The Motley Fool Discussion Boards
Personal Finances / Buying or Selling a Home
|Subject: Re: land zoning question||Date: 9/29/2012 9:57 PM|
|Author: JAFO31||Number: 124319 of 128456|
FoolinSC: "I've been presented with information and a possible opportunity to purchase a property for sale (3 acres with a 2400 sq ft modular home)that has supposed commercial potential in approx 5-10 years even though it is currently residential. The property is basically half of a street."
Literally one-half of a street, or is it all the property abutting one side of the street between two cross streets?
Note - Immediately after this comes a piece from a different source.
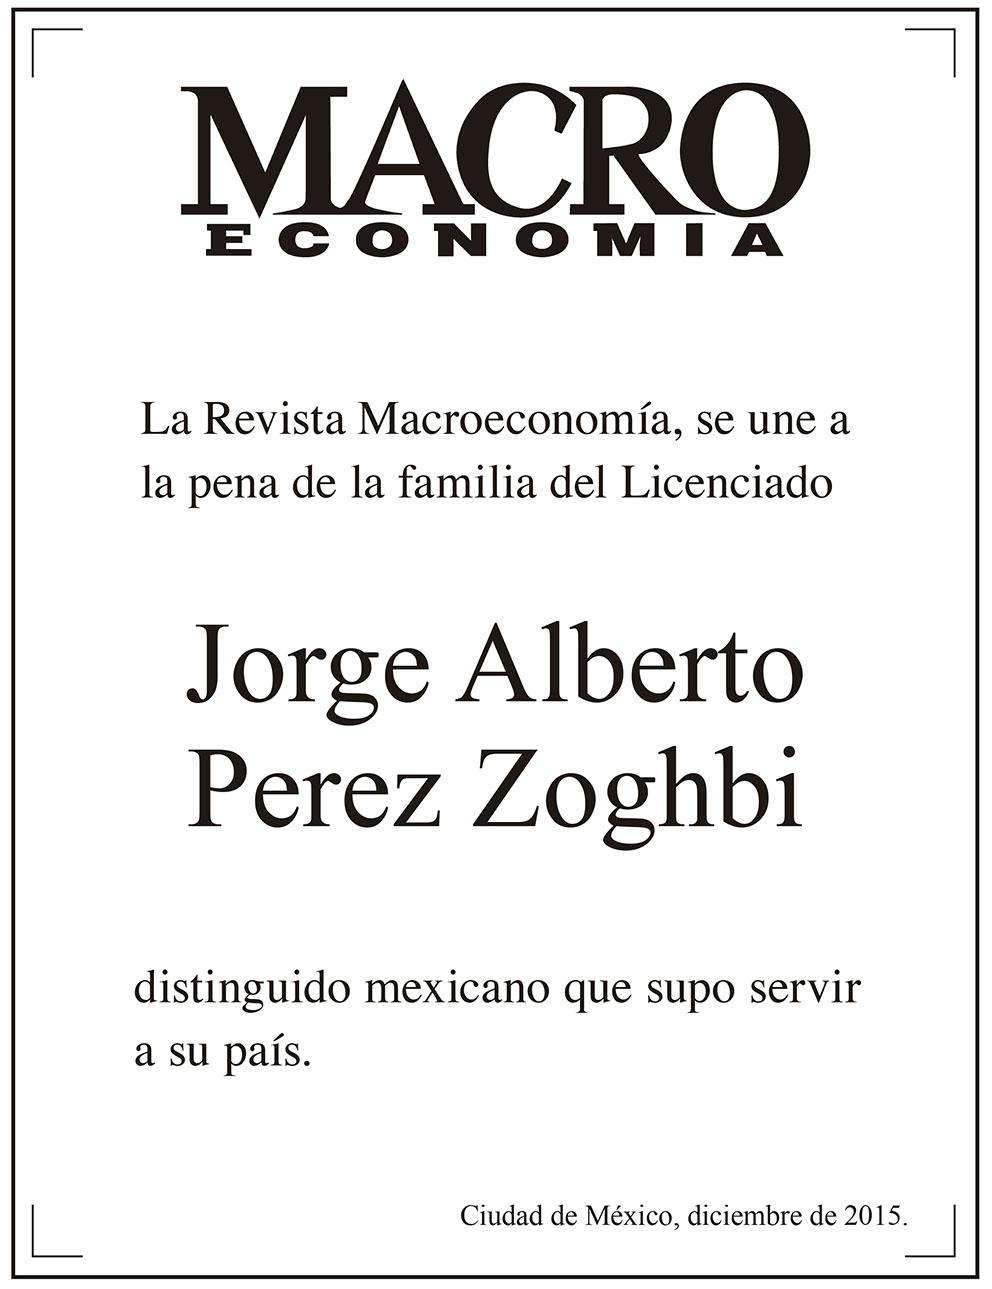 Photo of La Revista Macroeconomía, se une a la pena de la familia del Licenciado Jorge Alberto Pérez Zoghbi

"It's located in an area of town that's growth has been exponential over the years. The seller is an ex gf of a friend of mine and I'm told she's desperate to sell it for personal reasons. The friend is telling me this with no expectation other than she believes this would be a great investment opportunity because it is sure to be worth a lot in 10 years because it's likely to be a commercial area at that time. It might be but who knows? I don't. Do planning commissions forcast these areas based on commercial growth?"
Do not know, and each is different, and may also vary because of state law differences.
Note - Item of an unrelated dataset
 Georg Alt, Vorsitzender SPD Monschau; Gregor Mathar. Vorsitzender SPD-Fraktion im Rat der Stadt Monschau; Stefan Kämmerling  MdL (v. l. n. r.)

"My question is, if I were to purchase this property, how does land like this go from residential zoning to commercial zoning?"
Someone applies to re-zone the land, there aer submissions, probably at least one hearing, and then eventually you get an answer. It is rare for re-zoning to occur on the order of the zoning board/planning comission, etc.
"Would it be a scenario where someone could potentially want to purchase it years from now and then apply for a commercial rezoning for it or does the purchase of land in the area for commercial purposes change the zoning of the property due to there being other businesses around it and thereby the zoning commission rezones the property?"
Yes. No. Someone buying the land for commercial purposes does not change the zoning.
"I had a conversation about this with a friend of mine who's a realtor but he tells me that the planning commission is difficult to get answers from. Any information on this would be helpful."
Zoning is niche. You need to speak to a lawyer or land planner who regularly appears before the applicable local entity and is successful.
Yes, I am a lawyer, BUT THIS IS NOT LEGAL ADVICE; it is only general information. NO CLIENT RELATIONSHIP IS INTENDED TO BE CREATED, NOR IS ANY SUCH RELATIONSHIP SO CREATED. FOR SPECIFIC LEGAL ADVICE YOU SHOULD TALK TO A LAWYER IN YOUR AREA.
PS - If you are lucky albaby might respond; I understand that he actually does zoning work.